METRO – Sebanyak 65 lapak baca disediakan oleh Dinas Perpustakaan dan Kearsipan Daerah (Dispurda) Kota Metro pada peringatan Hari Kunjung Perpustakaan, Kamis (27/9/18).

Walikota Metro Achmad Pairin mengatakan, Hari Kunjung Perpustakaan merupakan salah satu upaya untuk menumbuhkan minat baca masyarakat Kota Metro. Pasalnya, membaca merupakan jendela dunia.

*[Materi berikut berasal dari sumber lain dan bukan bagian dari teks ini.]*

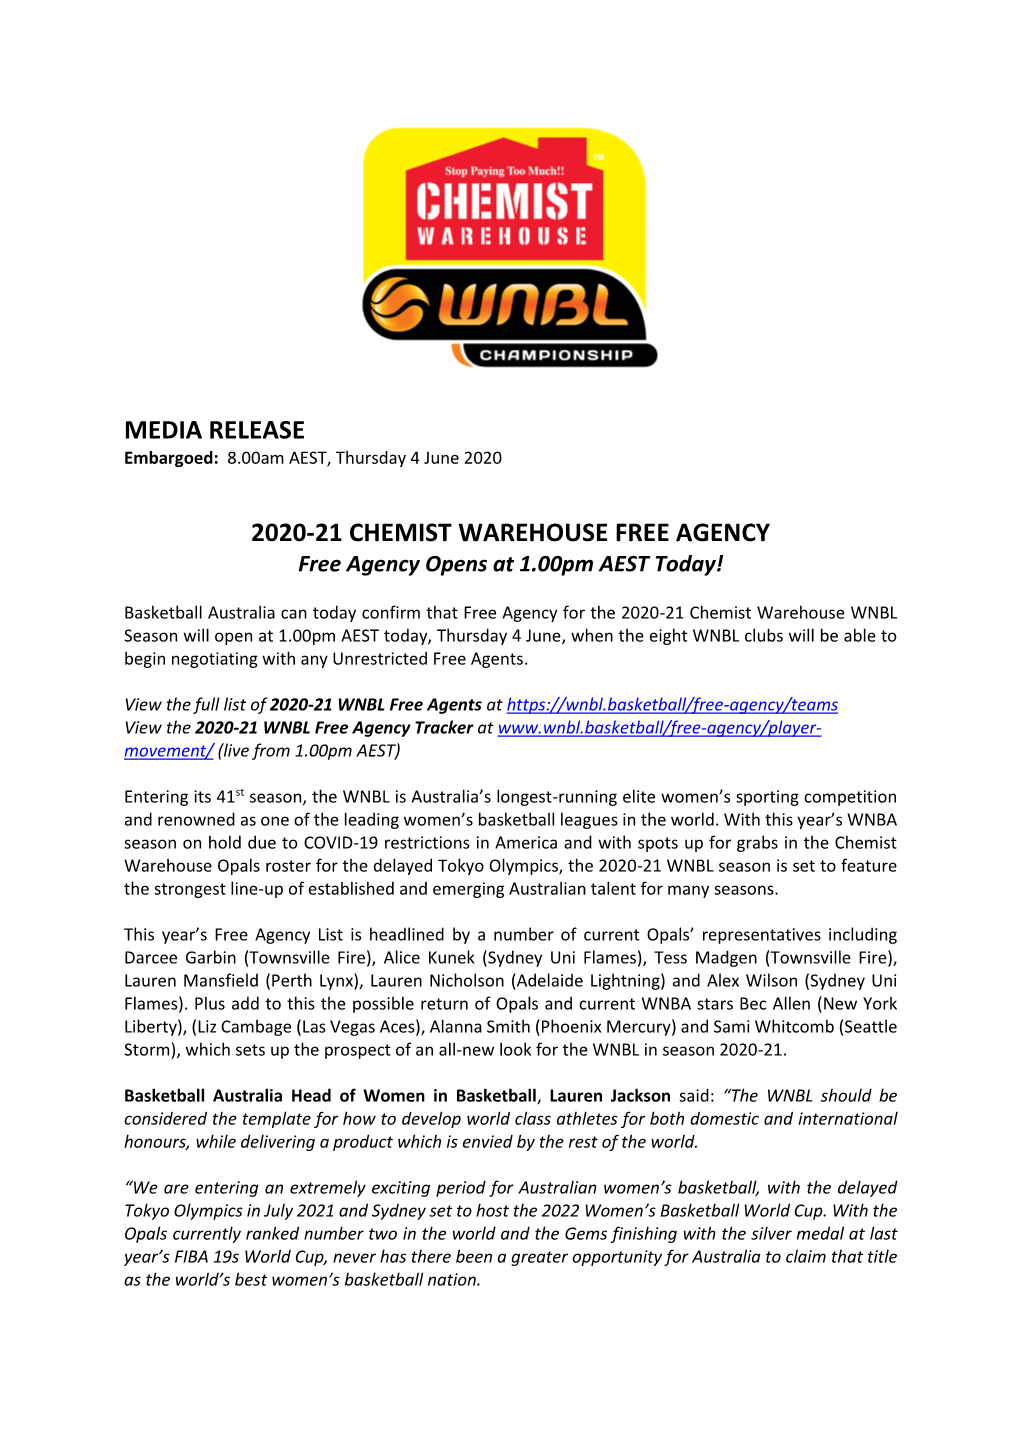 Media Release 2020-21 Chemist Warehouse Free Agency

“Membaca adalah modal utama untuk mengetahui, menjadi pintar dan membuat perilaku menjadi lebih baik. Maka digelar Hari Kunjung Perpustakaan ini,” katanya.

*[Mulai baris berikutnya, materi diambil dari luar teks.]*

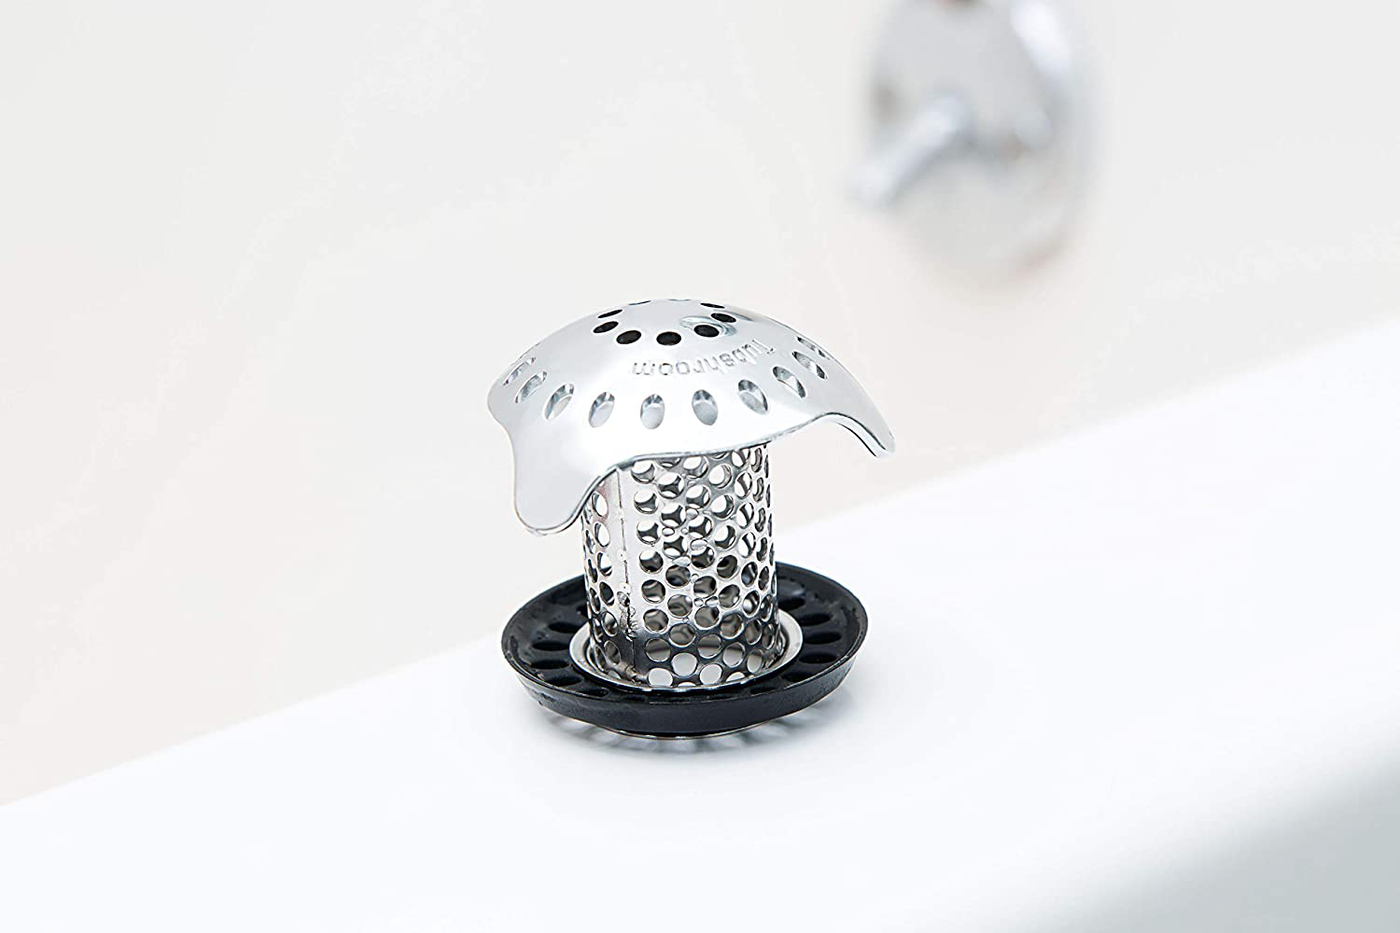 TubShroom Ultra Revolutionary Bath Tub Drain Protector Hair Catcher/Strainer/Snare, Stainless Steel

Nantinya, lanjut dia, juga akan dibuat program ekstrakulikuler pada hari tertentu agar siswa bisa membaca buku di Dispurda. Sebab, sebagian siswa pulang sekolah pukul 16.00 WIB.

“Nanti Kepala Dispurda berkoordinasi dengan Disdikbud soal ini. Karena mereka pulang sudah sore,” paparnya.

Ditambahkanya, Pemkot tahun ini juga akan membuat taman baca di depan Masjid Taqwa. Selain itu, juga akan dibuat taman baca di Samber Park.

“Yang di Masjid Taqwa jari-jarinya itu 12 meter. Jadi nanti ketika ada kegiatan, masyarakat bisa membaca buku disana. Kalau di Samber Park nanti dibangun Pargola. Itu juga bisa diatur untuk taman baca,” tambahnya.

Kepala Dispurda Kota Metro Syachri Ramadhan menuturkan, selain lapak baca, pada Hari Kunjung Perpustakaan juga akan digelar pentas seni dan bedah buku. Kemudian, pameran arsip foto Metro tempo dulu berikut testimoni para Fokorpimda.

“Tujuan kegiatan ini untuk menumbuhkan minat baca, pengenalan dan pemanfaatan perpustakaan baik itu perpustakaan sekolah, maupun rumah pintar disetiap kelurahan,” tuturnya.

Sementara itu, Sekretaris Komisi II Yulianto menilai hari kunjung perpustakaan merupakan momen untuk mengingatkan semua pihak akan pentingnya buku dan membaca.

“Karena kita, manusia itu kan sering lupa. Karena sekarang jaman beda, saya lebih banyak baca pakai androit. Ini bagus mengingatkan supaya datang. Buku itu kan jendela dunia. Dan lebih lengkap, lebih dalam,” ungkapnya.

Hanya saja, ia mengusulkan, harua ada hal kreatif, inovatif, dan agresif agar masyarakat mau datang ke Perpustakaan. Sehingga bisa menggebrak semangat warga untuk membaca buku.

“Orang mau datang itu kan karena ada yang menarik. Baru. Kita minta dinas melakukan itu. Ini perlu digelorakan. Karena kemajuan daerah itu salah satunya karena banyak perpustakaan, rumah baca, penulis, dan sejenisnya,” katanya.

Dengan membuat sesuatu yang menarik dan baru, maka bisa menumbuhkan minat masyarakat untuk mau datang ke Perpustakan dan membudayakan membaca. Terlebih lagi Metro memiliki visi sebagai Kota Pendidikan.

“Misal menambah visual, koleksi buku berbagai bidang lain dan tak hanya pelajaran. Bisa juga memberi reward kepada pengunjung. Banyak yang bisa diperbarui dengan mengikuti jaman. Terutama kepada generasi muda,” paparnya.

Sehingga perpustakaan jadi tempat kunjungan orang karena ada tawaran lain yang menarik. “Kami secara anggaran siap mendukung, kalau ide itu bisa dipertanggungjawabkan, memang pola-pola baru harus digagas,” tuntasnya. (Arby)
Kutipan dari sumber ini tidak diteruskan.